Трапеза проходила в нервозной обстановке. Слухи о разрыве с Антонием и причинах этого разрыва уже успели разойтись по городу. Клеопатра не объявляла о своем прибытии заранее, а просто ввалилась туда в одиночестве, как делала в юности, и перебила неспешную беседу ученых.
При появлении царицы все повскакивали; некоторые выронили хлеб, а молодой Николай выплюнул молоко, чтобы поприветствовать ее. Так они и стояли у своих обеденных лож — рты забиты, руки трясутся — до тех пор, пока Клеопатра мягко не велела им сесть, пытаясь восстановить атмосферу непринужденной беседы.
Царица воспользовалась возможностью успокоить ученых, рассказав им множество подробностей битвы при Акции и заверив, что у нее имеется множество планов, позволяющих достичь победы.

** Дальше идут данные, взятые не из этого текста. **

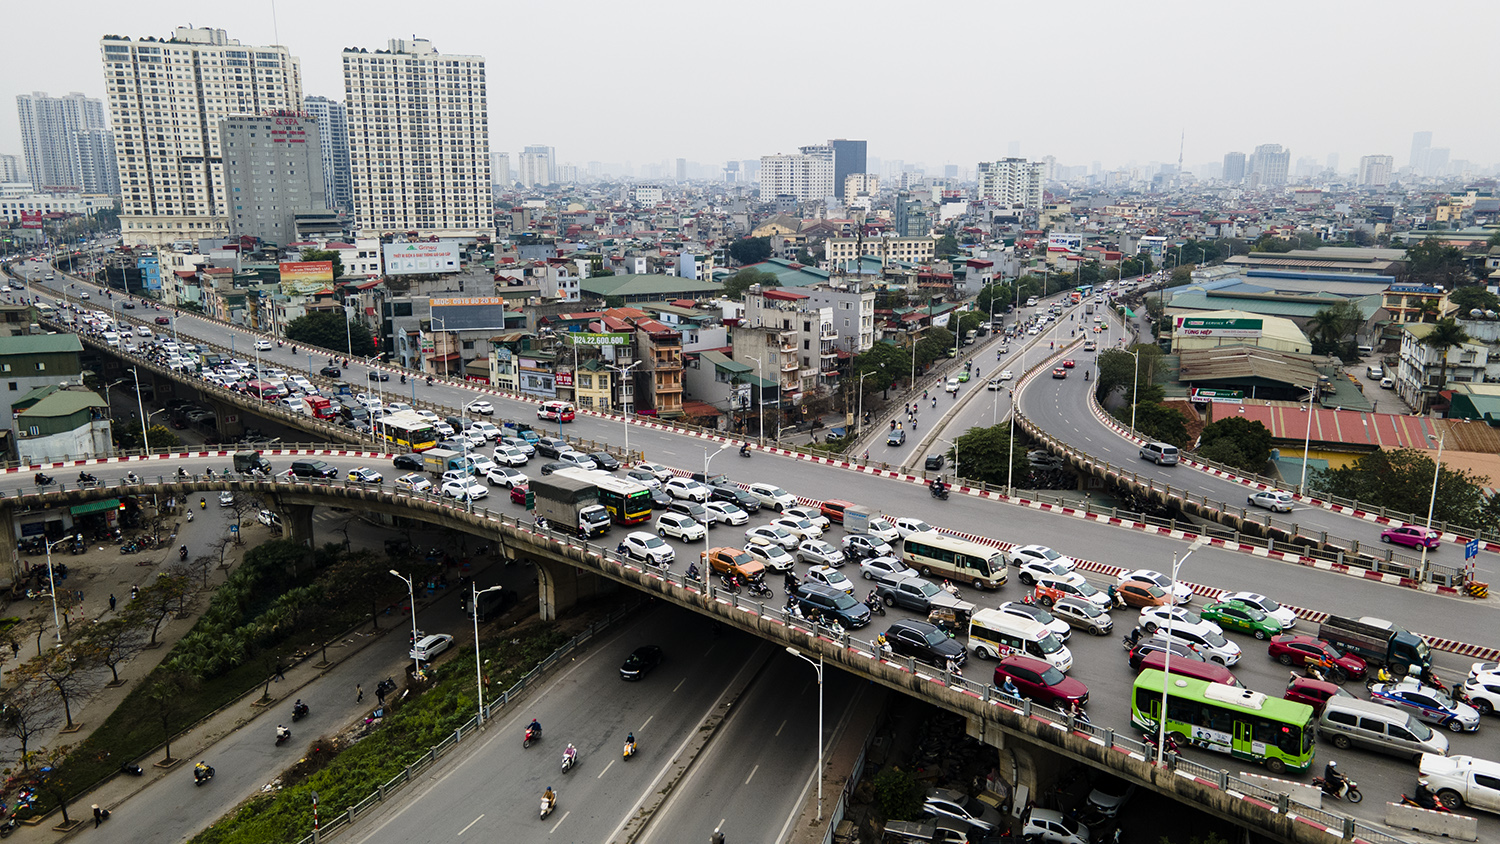 Gần 1 năm nay, Cầu Vĩnh Tuy luôn xảy ra tình trạng ùn tắc kéo dài vào giờ cao điểm theo hướng Minh Khai sang Long Biên, khiến người dân gặp khó khăn trong việc đi lại.
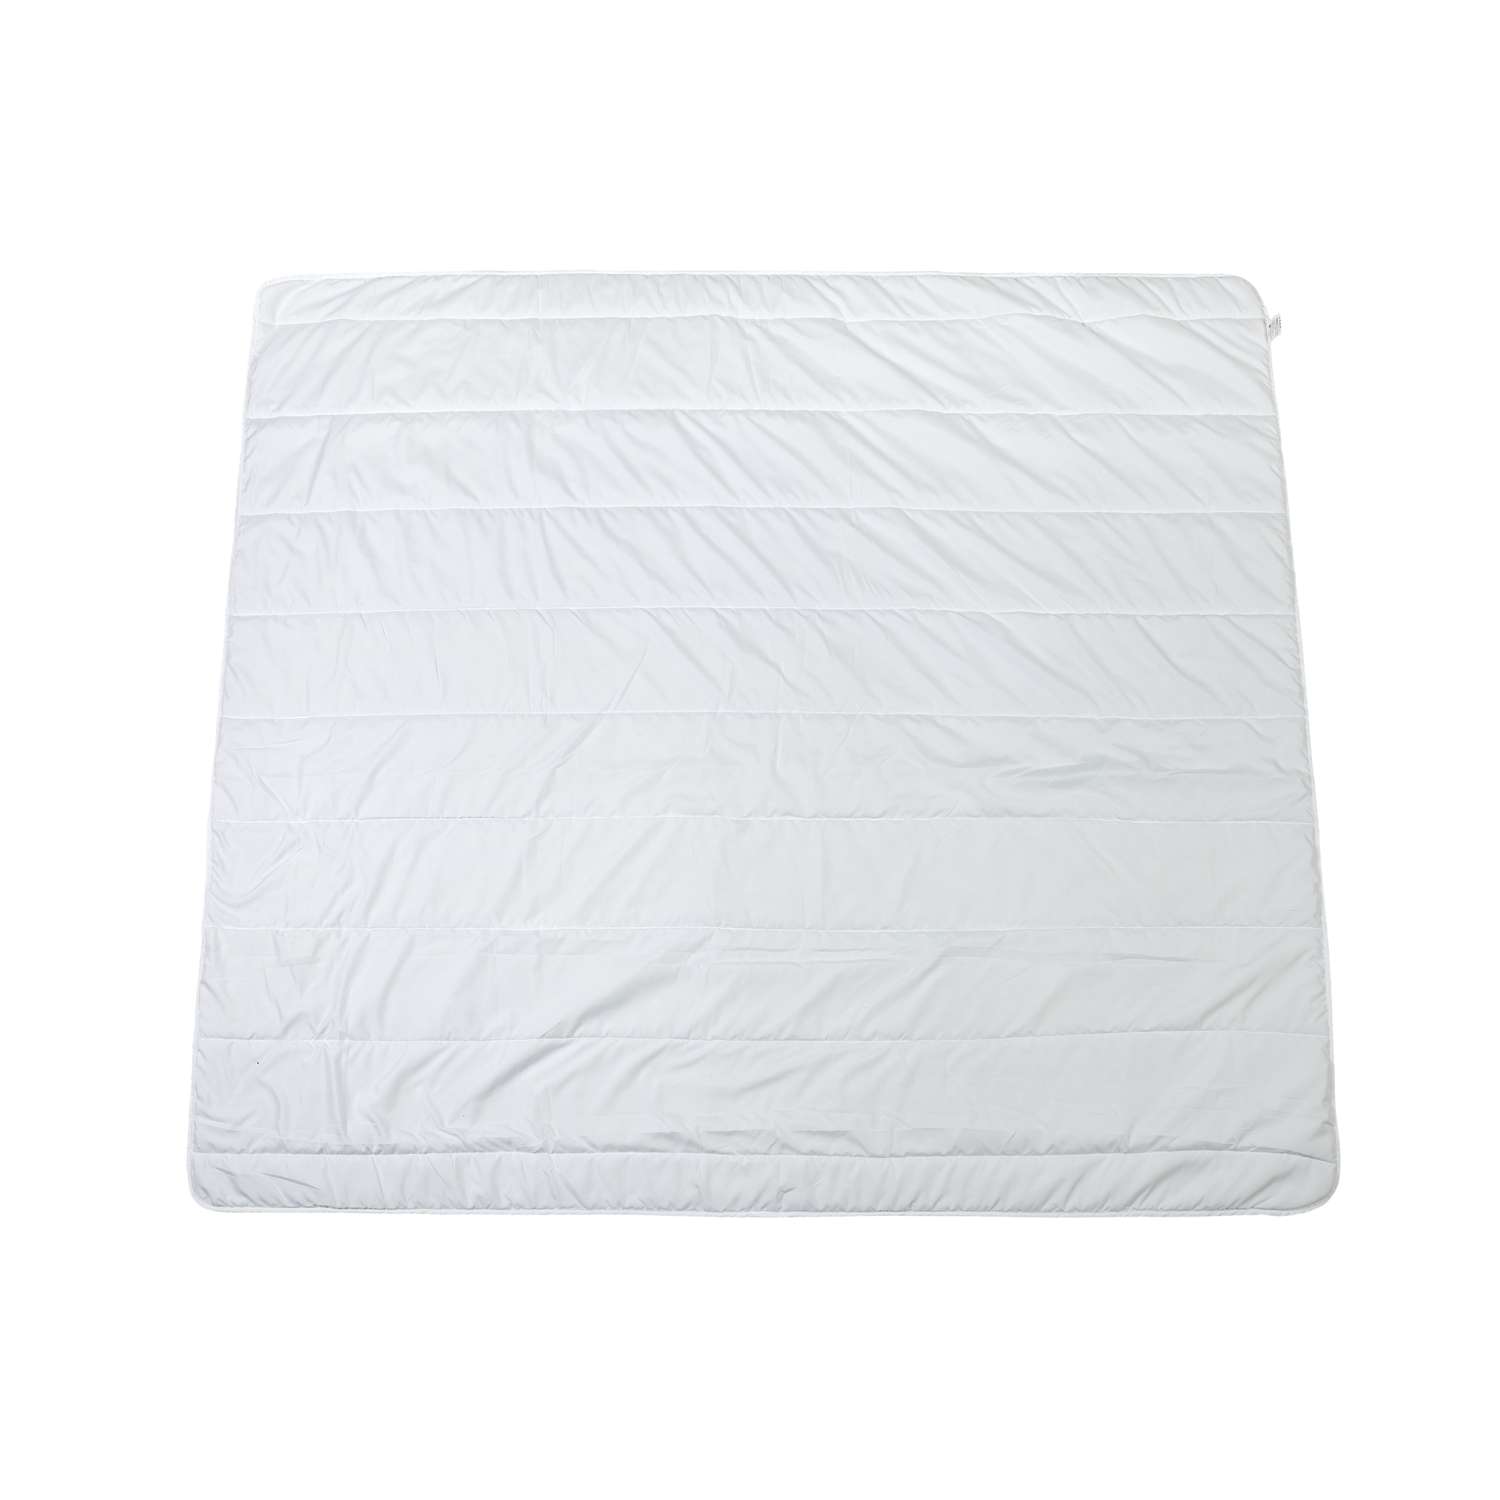 Одеяло Аскона / Askona Light Roll всесезонное 1.5 спальное 205х140 см - фото 2

Она поняла, что ей следовало это сделать еще несколько месяцев назад; несомненно, они давно сплетничают между собою о последствиях этой битвы. Вероятно, некоторые уже подыскали себе местечко на Родосе или в Афинах, а другие размышляют, скоро ли им придется целовать кольцо Октавиана. Клеопатра не сомневалась: с самого дня ее возвращения, если не раньше, они шлют письма своим коллегам в Грецию, расспрашивая их о подробностях битвы. Никто так не смакует подробности неудачи и слухи, как интеллектуалы.
Клеопатра видела, что ученых удивило ее очевидно хорошее настроение. Они наслушались болтовни слуг касательно состояния, в котором пребывал Антоний, и, должно быть, ожидали увидеть ее подавленной. Особенно после того, как дошли слухи о ее «поражении»: И теперь ученые вели себя при царице так, как держатся при тяжело больном или недавно овдовевшей женщине, — осторожно и с преувеличенной заботой и вниманием.
Клеопатра улыбнулась Николаю — тот пытался незаметно стереть выплюнутое молоко с бороды, — а затем старику Филострату, некогда бывшему ее наставником. Возможно, Филострат ожидал приватной аудиенции, как в те давние времена, когда Клеопатра просила у него совета. Однако теперь его обыкновение изъясняться велеречиво и многозначительно предоставлялось ей бесполезным и излишним. У нее не настолько крепкое терпение, чтобы выслушивать афоризмы.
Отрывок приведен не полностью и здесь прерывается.